This depends upon the severity of the case.  If the charges are serious and the resolution appears to be complicated and difficult, it would be a good idea to have legal counsel.  However, this is a personal issue to be decided by the victim.

Should the victim change their Social Security number or driver’s license number?

This depends on how severe the case and to what degree the identity has been affected.  Please see ITRC Fact Sheet FS 113 – Should I change my Social Security Number?  and ITRC Solution SN 11 – Social Security Change Check List regarding changing your Social Security Number.

In addition to working with law enforcement and the court system, are there any other steps the victim should take to clear his/her name?

We suggest that the victim check their credit report often for any indications that the issue may have crossed over into financial areas.  We recommend that victims check their credit reports every 4 months, using the free annual credit report system, and staggering the requests.  For more on this, please see ITRC Fact Sheet FS 125 – Federal Annual Credit Report or ITRC Solution SN 03 – Contacting the CRAs to Place a Fraud Alert regarding credit reports.

What additional considerations should I be aware of regarding employment?

Even though you may have cleared up the records with the local, state and federal systems, it is possible for negative information to still show up on a background report.  If this should occur, you must ask the company which background screening company they used.  You will then need to show your documentation of clearance to that background screening company in order to clear their records.  You will also want to provide the clearance documents directly to the employer to help defuse the matter.

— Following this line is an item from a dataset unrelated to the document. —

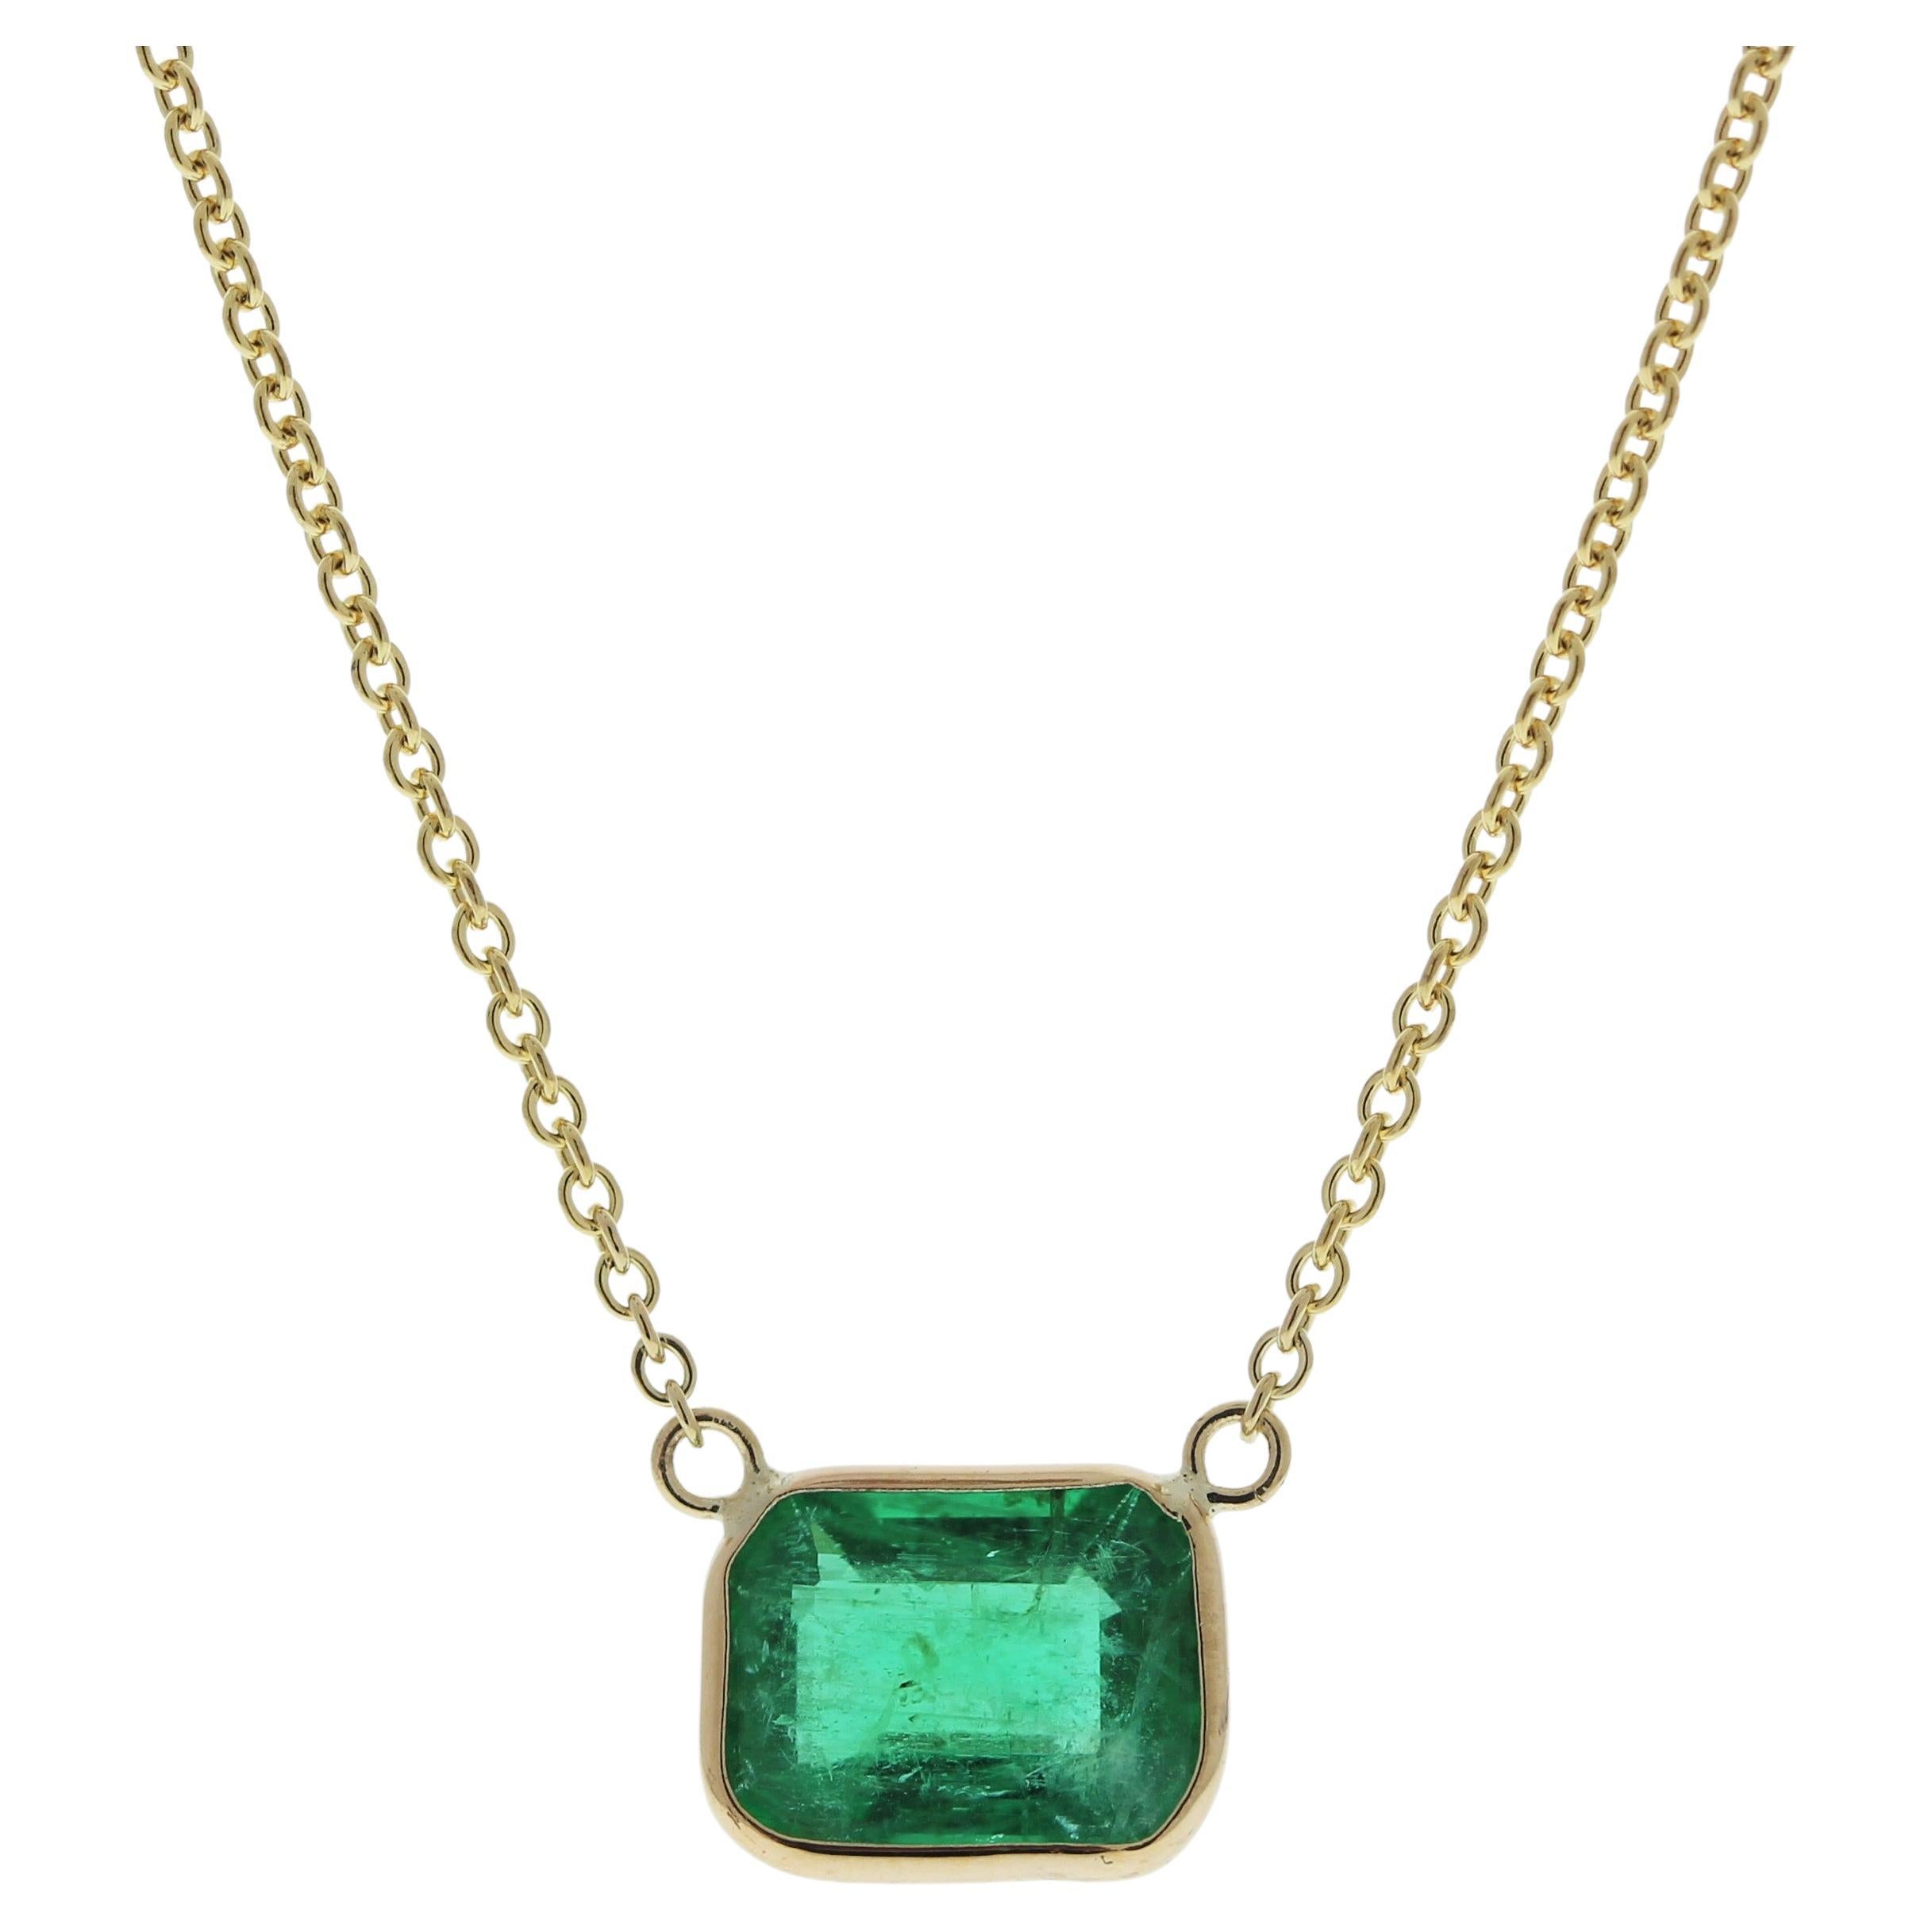 1.80 Carat Emerald Green Fashion Necklaces In 14k Yellow Gold

Are there any precautions individuals can take to prevent becoming a victim of criminal identity theft?

There is no “early detection” system to alert victims of criminal identity theft.  However, you should take all the same precautions that you would take to prevent financial identity theft.  There are many simple things that can be done to protect your information from use by others, including criminal identity thieves.  Please see ITRC Section on ID Theft Prevention Tips under Victim Resources.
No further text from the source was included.